#### DATA BELOW

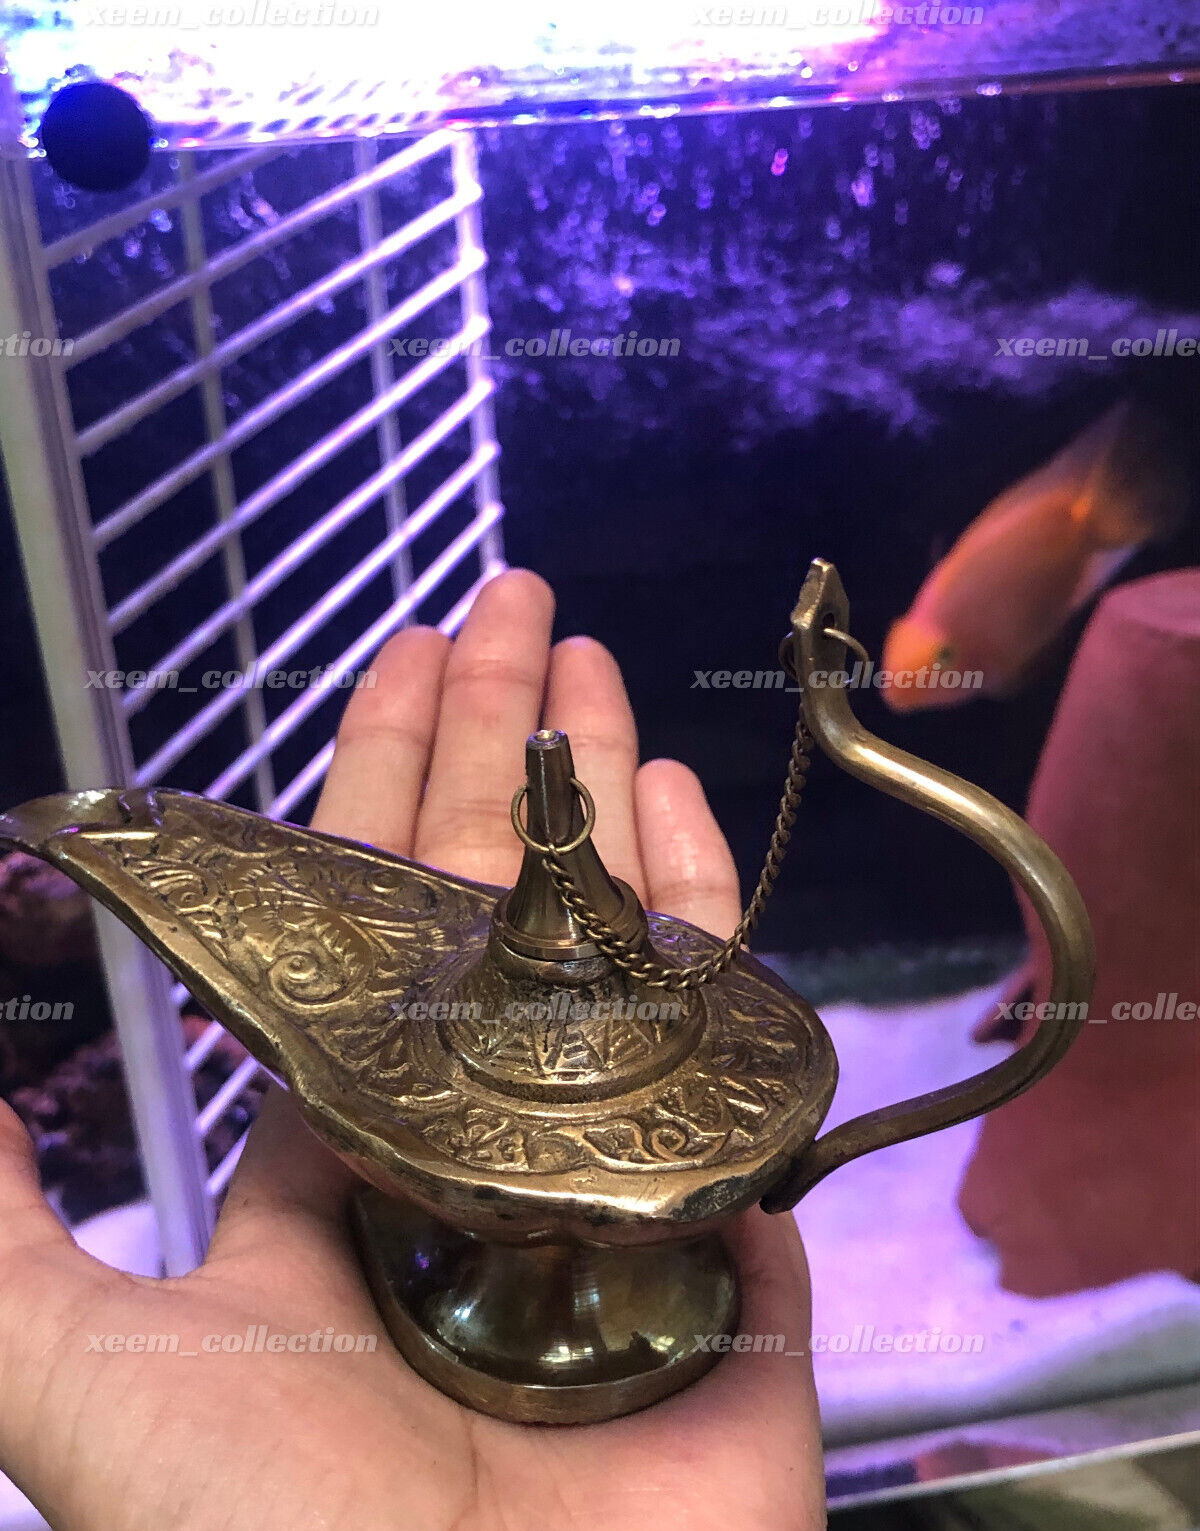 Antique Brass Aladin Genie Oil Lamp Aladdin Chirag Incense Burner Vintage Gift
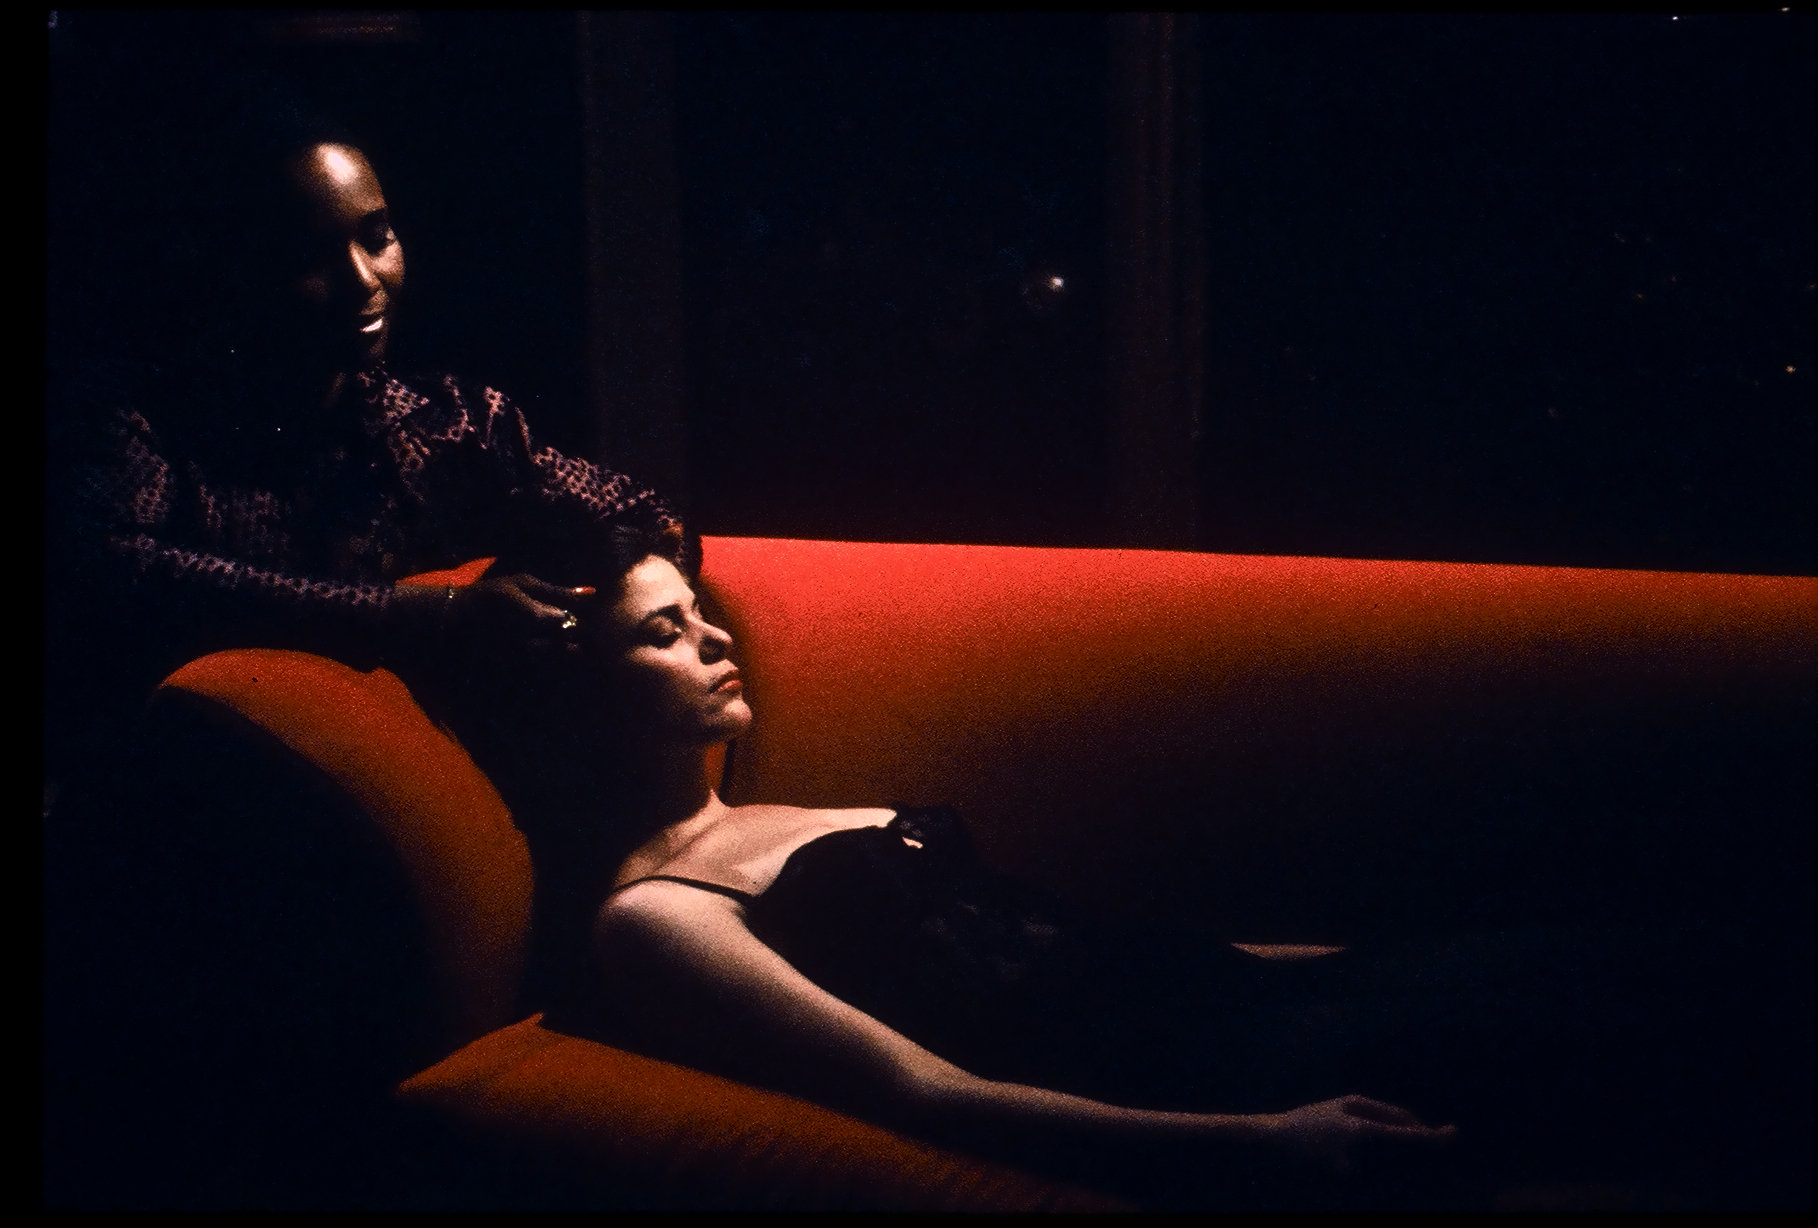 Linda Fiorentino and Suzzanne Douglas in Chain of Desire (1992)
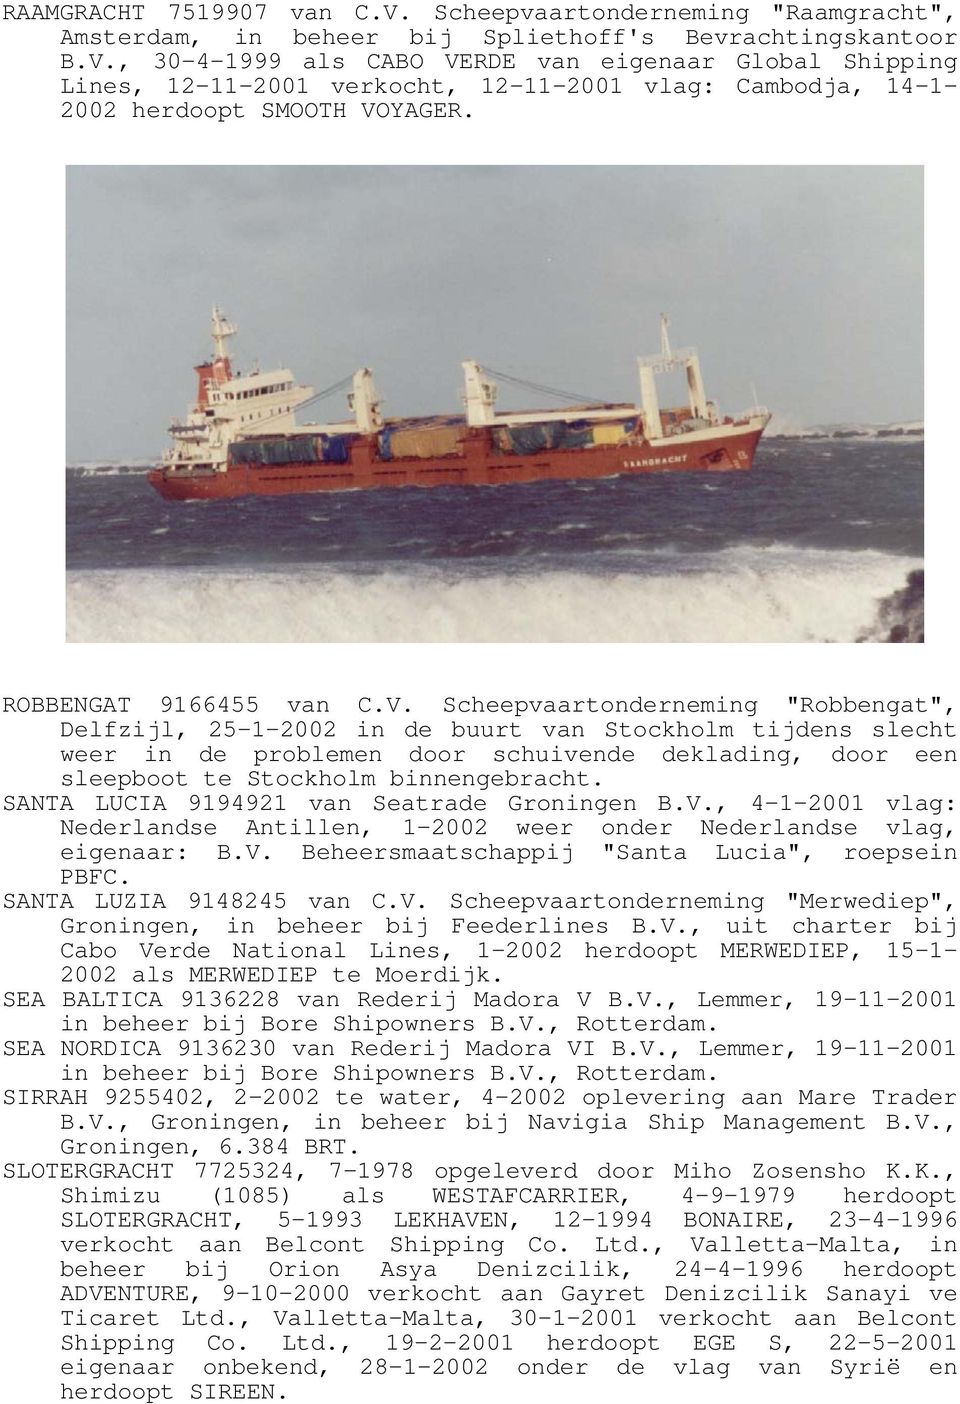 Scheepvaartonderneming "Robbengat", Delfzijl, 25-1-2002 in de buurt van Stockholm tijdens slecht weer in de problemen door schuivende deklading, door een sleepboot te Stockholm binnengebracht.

#### WHAT THE TASK REQUIRES
Retype the listing exactly. Skip every picture.

#### REPLY TO THE TASK
 Antique Brass Aladin Genie Oil Lamp Aladdin Chirag Incense Burner Vintage Gift
 Linda Fiorentino and Suzzanne Douglas in Chain of Desire (1992)
 Scheepvaartonderneming "Robbengat", Delfzijl, 25-1-2002 in de buurt van Stockholm tijdens slecht weer in de problemen door schuivende deklading, door een sleepboot te Stockholm binnengebracht.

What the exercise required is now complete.